# Random digits of $\pi$

A long time ago one of my children was into memorizing digits of $\pi$. When he was rattling them off, I happened to notice that he rarely said zero. So we got into a conversation about whether the digits of $\pi$ are random and whether zero being so rare in the first few dozen digits was an oddity. This post explores that idea a little.

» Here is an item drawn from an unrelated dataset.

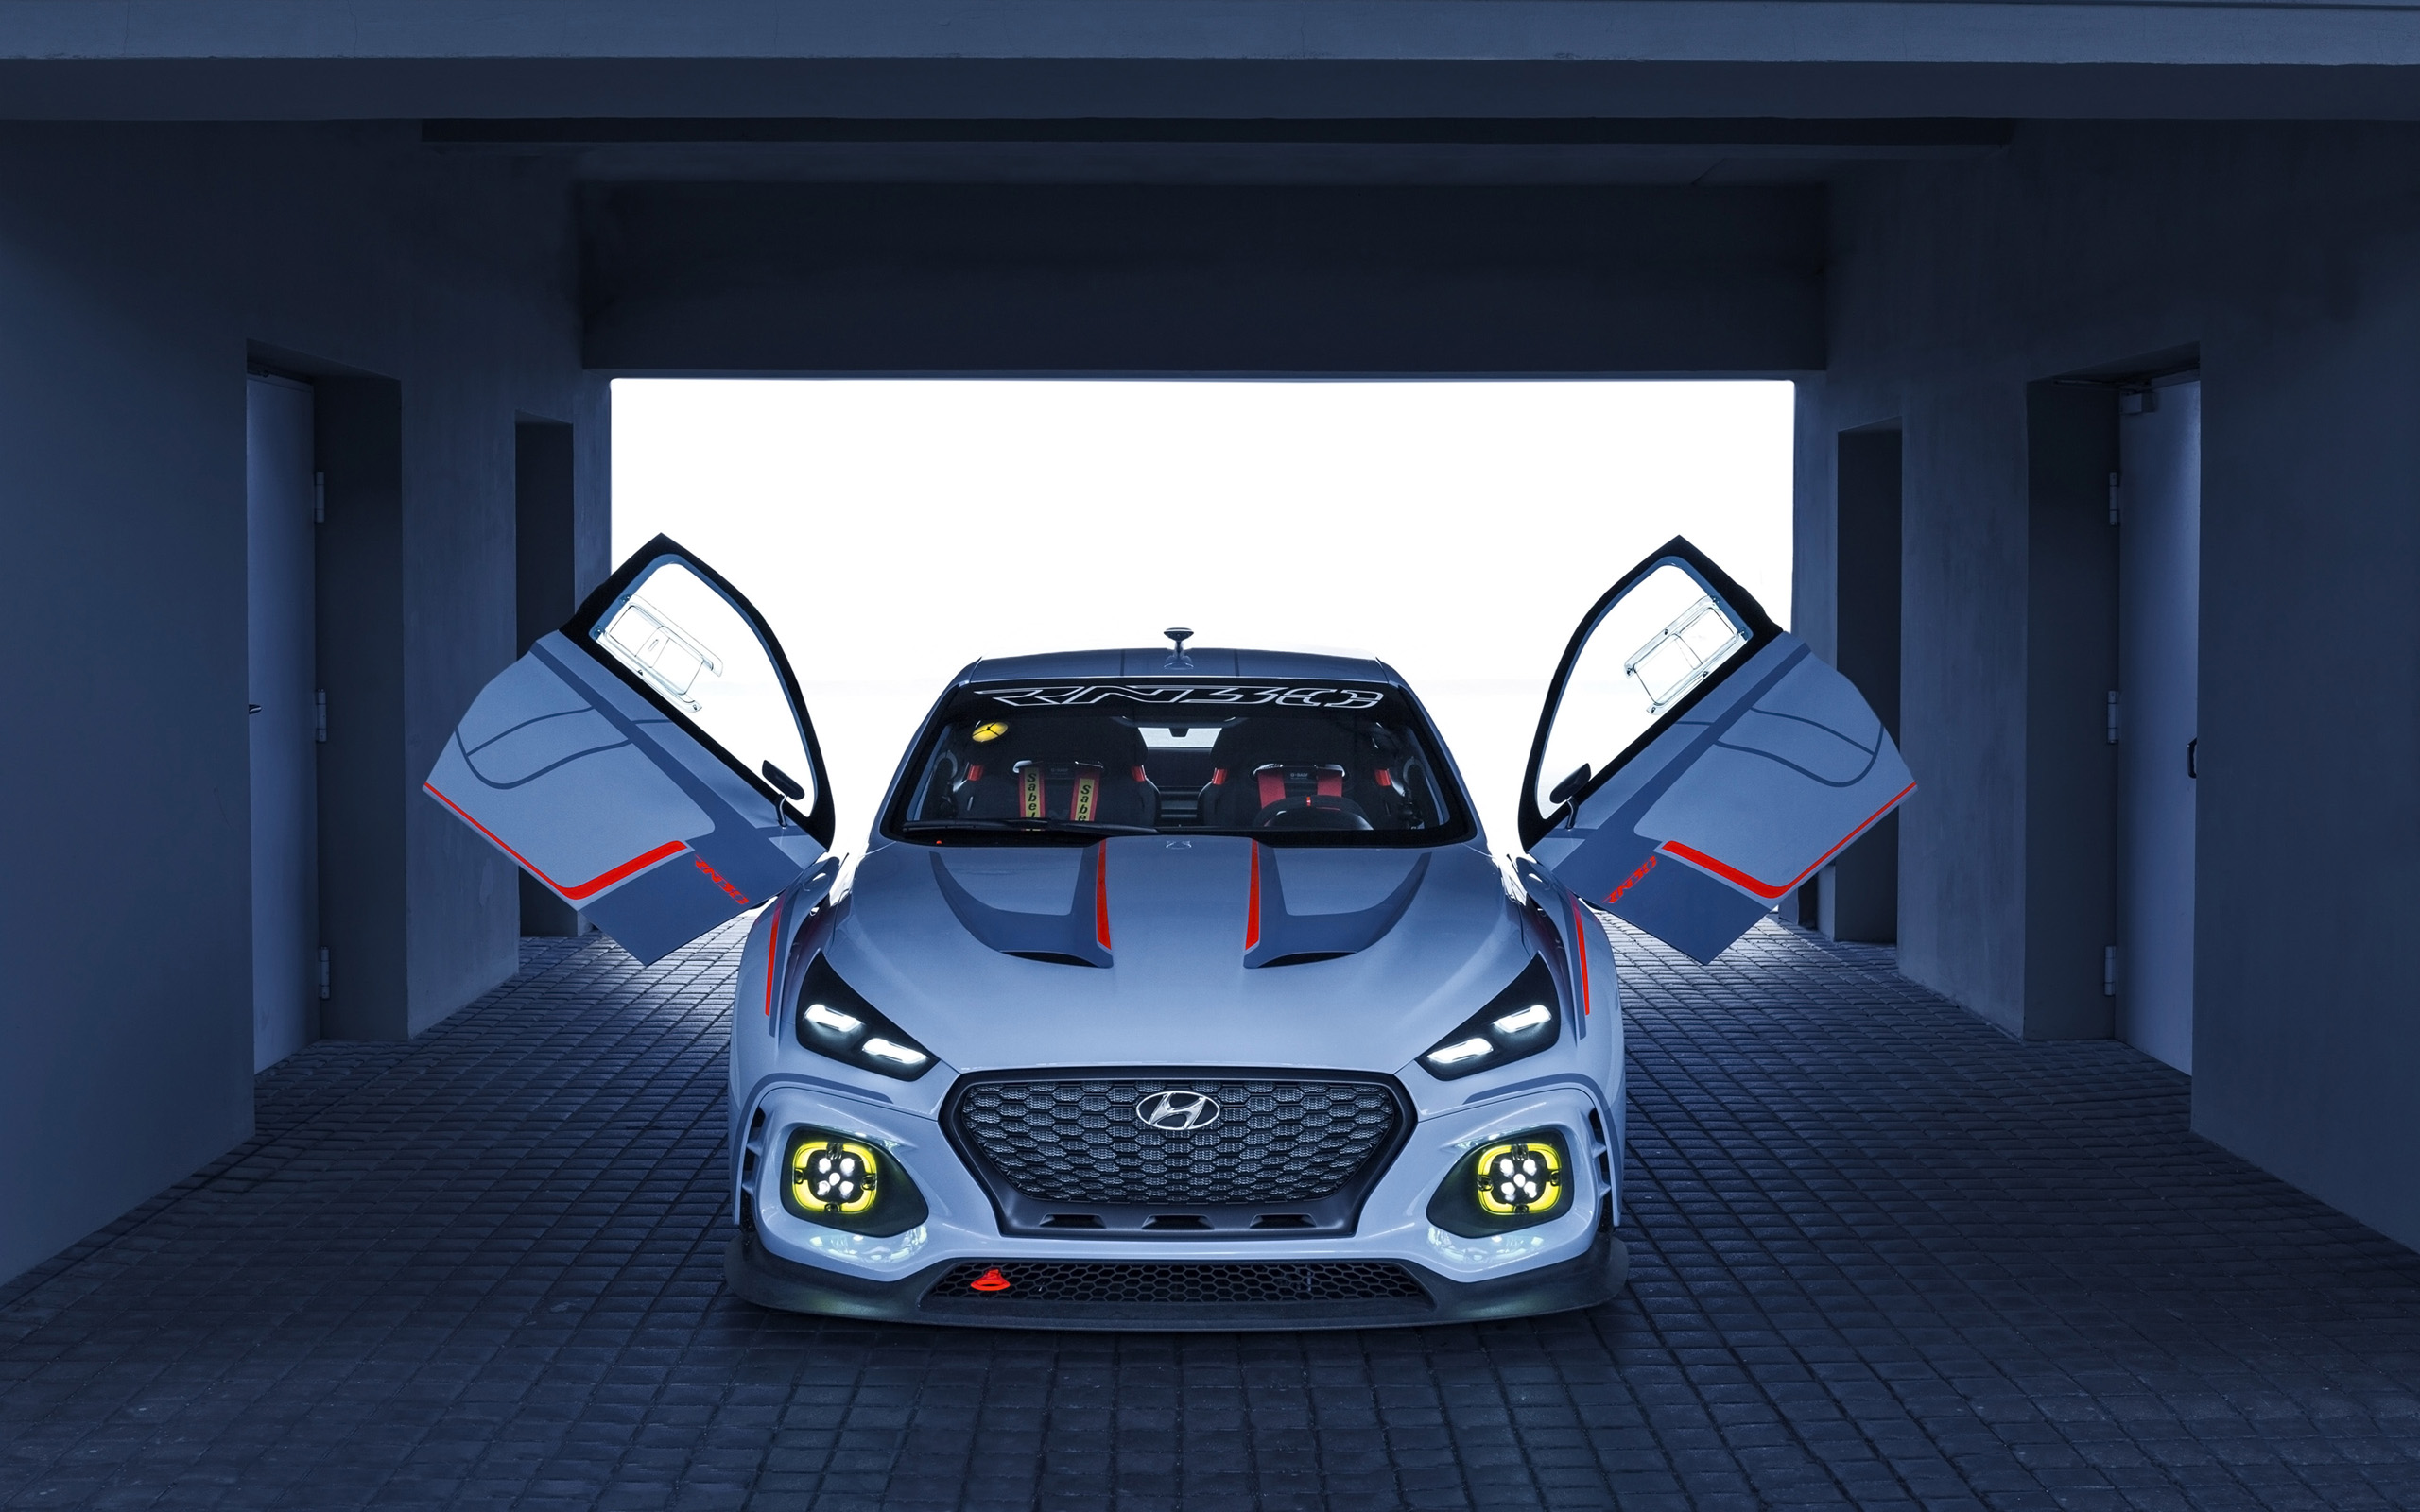 Hyundai k wallpapers for your desktop or mobile screen free and easy to download

Here's the first 50 digits of $\pi$. Note that there's only one zero:

In [70]:
N[Pi,50]

The only zero is the 33rd digit. Assuming the digits are random, what are the chances of going that many digits without using a zero? Well, if we choose 32 consecutive digits, the chances that any one of them was not zero is 9/10. So getting 32 of them in a row, again assuming it's random, has a probability of (9/10)^32:

In [72]:
N[(9/10)^32]

or just over 3% chance of that happening. Is that too small? I guess I'm not sure.

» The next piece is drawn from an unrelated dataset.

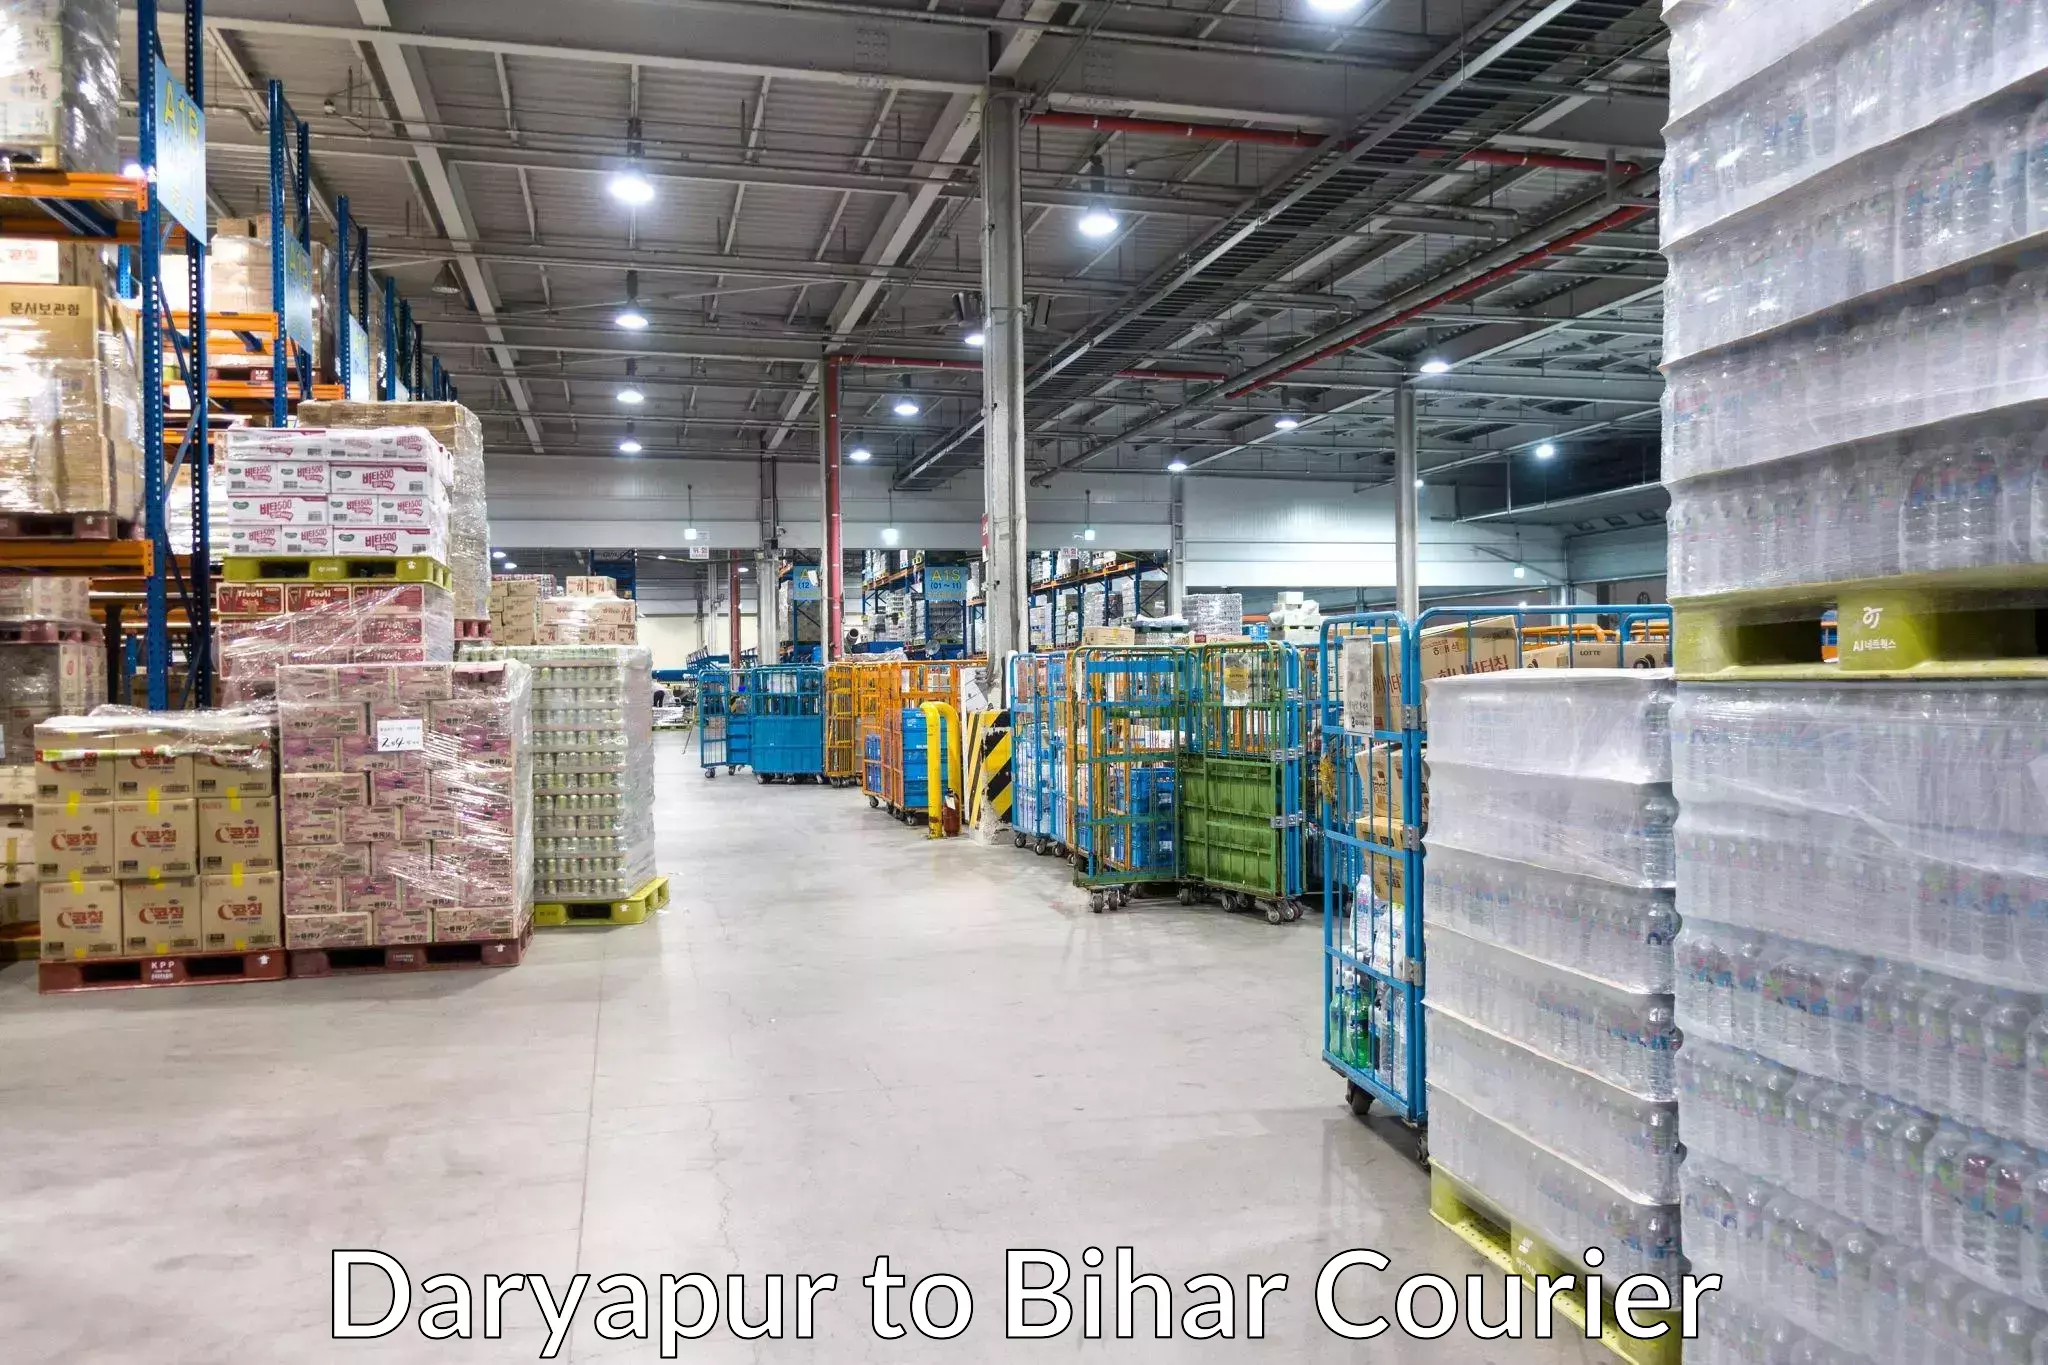 Comprehensive shipping network in Daryapur to Birpur

But then I got to thinking: Could it be that there are other bases where the representation of $\pi$ starts without using all the digits for an even less likely amount of digits? For example, here's $\pi$ in base 2. You'll note you don't have to go all that far to see both digits (0 and 1) being used:

In [78]:
BaseForm[N[Pi,10],2]

What I wanted to know is the number of consecutive digits before all digits are used in lots of different base representations of $\pi$. Here's a plot of that for lots of them:

In [82]:
ListPlot[allbases=Table[digits=RealDigits[Pi,base,700][[1]];
    list={digits[[1]]};
    i=2;
    While[Length[list]<base,list=Union[Append[list,digits[[i]]]];i++];
    {base,i},{base,2,100}],FrameLabel->{"base","digits when all are used"},Frame->True]

Cool, right? What do we make of that? There's a lot of variability, but let's make sure we understand the general trend upwards. As you go up in base number, you have more digits to choose from. So it should take longer before you use them all. Most individual digits, assuming $\pi$ is random, will likely show up after roughly base/2 digits. That's the same as saying that the chances hit 50% after that many:

In [83]:
((b-1)/b)^(b/2)

In [84]:
Plot[%,{b,2,20}]

Aha, so really that back-of-the-envelope guess is a little off. This calculation shows that there's a 60% chance that after 10 digits in base 20, one digit still hasn't been used. But close enough, I think.

So what are the chances of a truly random distribution of digits producing the highest points in the curve above? Here's a plot of the chances of achieving all of those strings of "all but one digit" for a random distribution (note it's a log plot):

In [89]:
ListLogPlot[allbases=Table[digits=RealDigits[Pi,base,700][[1]];
    list={digits[[1]]};
    i=2;
    While[Length[list]<base,list=Union[Append[list,digits[[i]]]];i++];
    {base,N[((base-1)/base)^i]},{base,2,100}],Frame->True,FrameLabel->{"base","Probability of that happening"}]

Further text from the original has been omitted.